So for many centuries we’ve been using a scale that was based on octaves and fifths to make music that uses thirds, because it happens to contain thirds that are close enough to just. Now, it’s a little odd to be using probabilistic terms to talk about simple arithmetic — two and two isn’t likely to be four, it *is* four — but I think you know what I mean when I ask, how likely is that? How lucky did we get?

It’s a hard question to quantify. But let’s generously say a major third is adequate if it’s within 25 cents of just. That’s a 50 cent range you want four fifths to fall into, so a single fifth has to be within a range a quarter of that size, 12.5 cents. If you didn’t know beforehand the size of a just perfect fifth, but knew it was somewhere between 650 and 750 cents, you might guess the odds of four fifths making a major third would at most be 12.5/100, or one in eight. Though worse, maybe, because the 12.5 cent range where it works might not be entirely contained within 650 to 750. In fact it might not overlap that range at all. (Though in actuality the range is from 690.33 to 702.83 cents.)

On the other hand, maybe the 25 cent range where two “fifths” make a major third does overlap, or the 16.7 cent range where three “fifths” will work does. So the odds of four *or fewer* fifths making an adequate major third might be a little better. Still seems small though.

Oh… but you also want to consider four or fewer downward fifths, or equivalently, four or fewer upward fourths. That improves the odds.

So let’s do a little simulation. Pick a number in the range, say, from 650.0 to 750.0 and see how many fifths, up or down, it takes to make an adequate third. Repeat, and get the distribution. Then ask about things like the average number of fifths needed.

There’s a difficulty here, though: Sometimes the answers get very large. Think about 720.00 cents. The notes that “fifth” generates are 720.0, 240.0, 960.0, 480.0, 0.0, 720.0… and it just repeats those five notes over and over; 720.00 generates a 5-equal scale.

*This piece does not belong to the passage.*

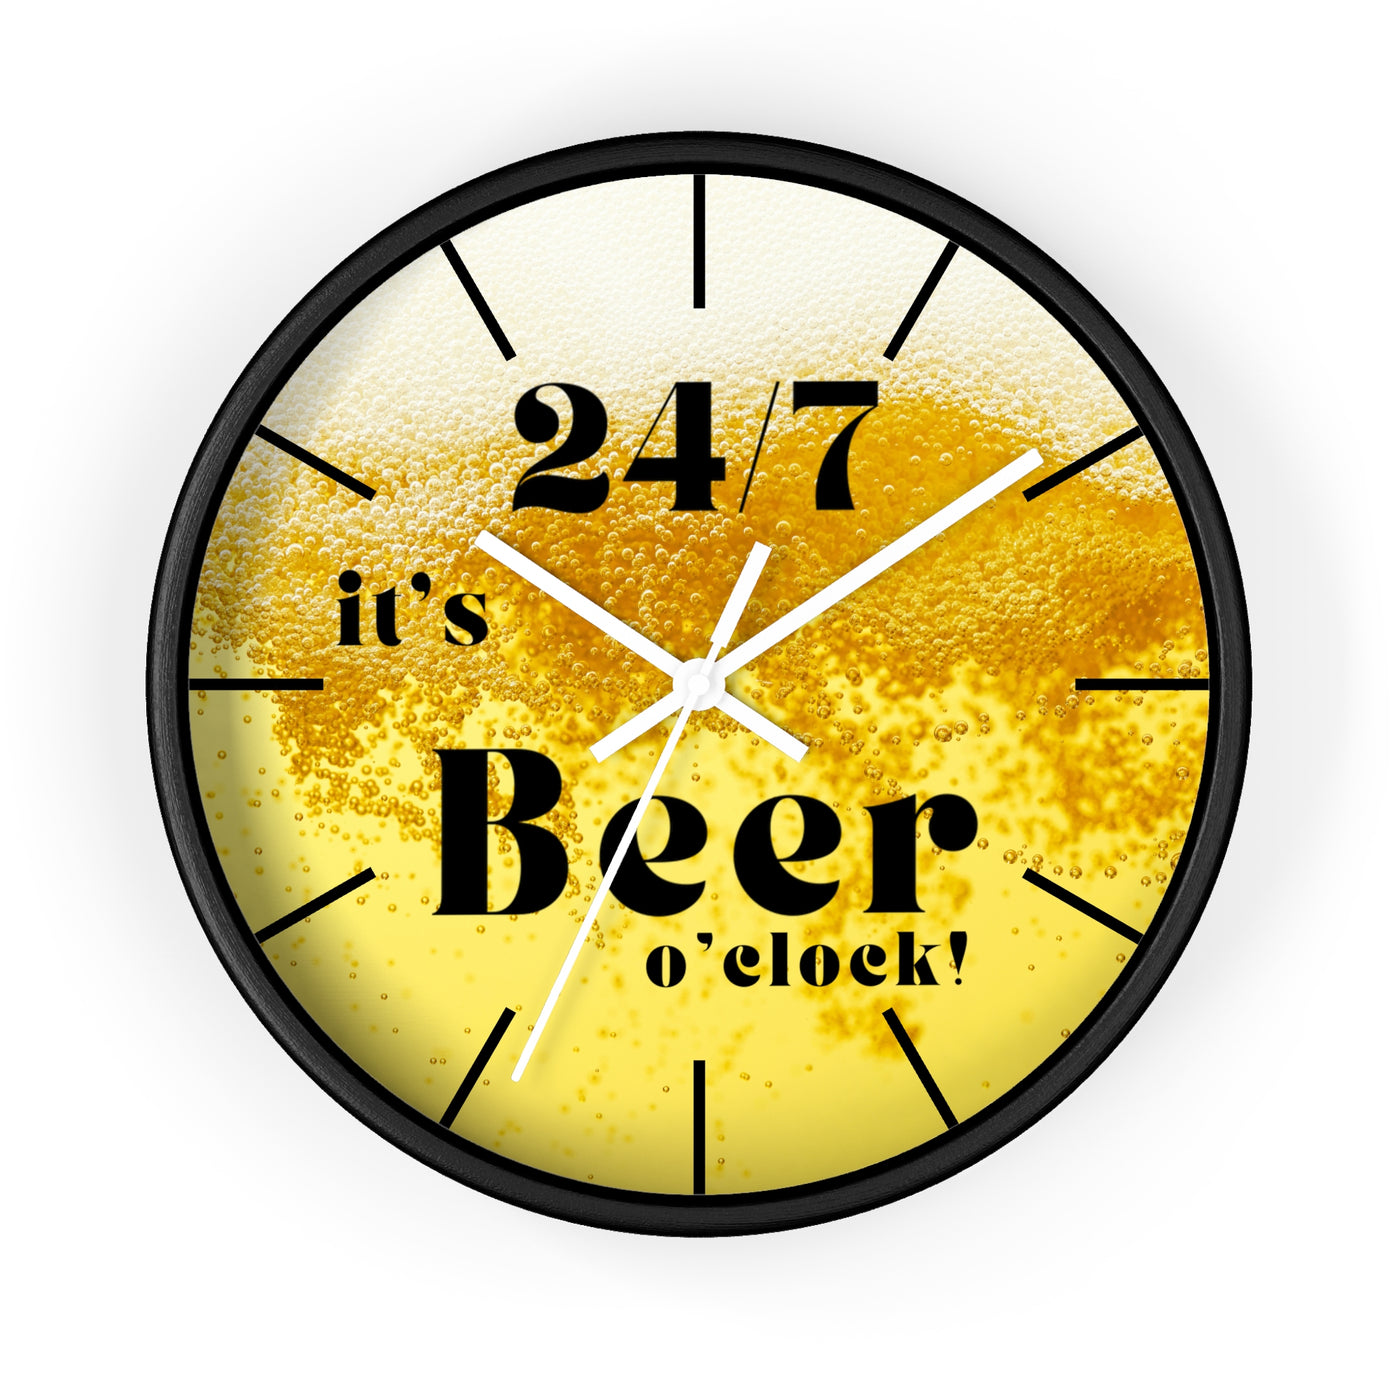 24/7 IT's BEER TIME Wall Clock

None of those notes is an adequate third, so you can run forever looking for it.

Of course you have pretty much zero chance of picking 720.00 at random, but if you pick, say, 719.932771, you’ll have to add a lot of fifths before hitting an adequate third. (1099 of them, looks like.) You’ll get occasional large numbers, then, and they’ll have a big impact on the mean value. The answer you get will fluctuate a lot depending on which large numbers you end up with.

This is why medians were invented.

So I wrote a little Python script to do this. If you take the range of possible “fifths” as 650 to 750 cents, then there’s about a 22% chance four or fewer fifths, up or down, will produce an adequate third. The median number of fifths required to make an adequate third: 11.

I think it’s safe to say if you needed 11 perfect fifths to make an adequate major third, the system upon which western music developed would have been entirely different. Different how, I have no idea, but different. Needing only four fifths was a “lucky” break… not win-the-lottery lucky, but definitely beating-the-odds lucky.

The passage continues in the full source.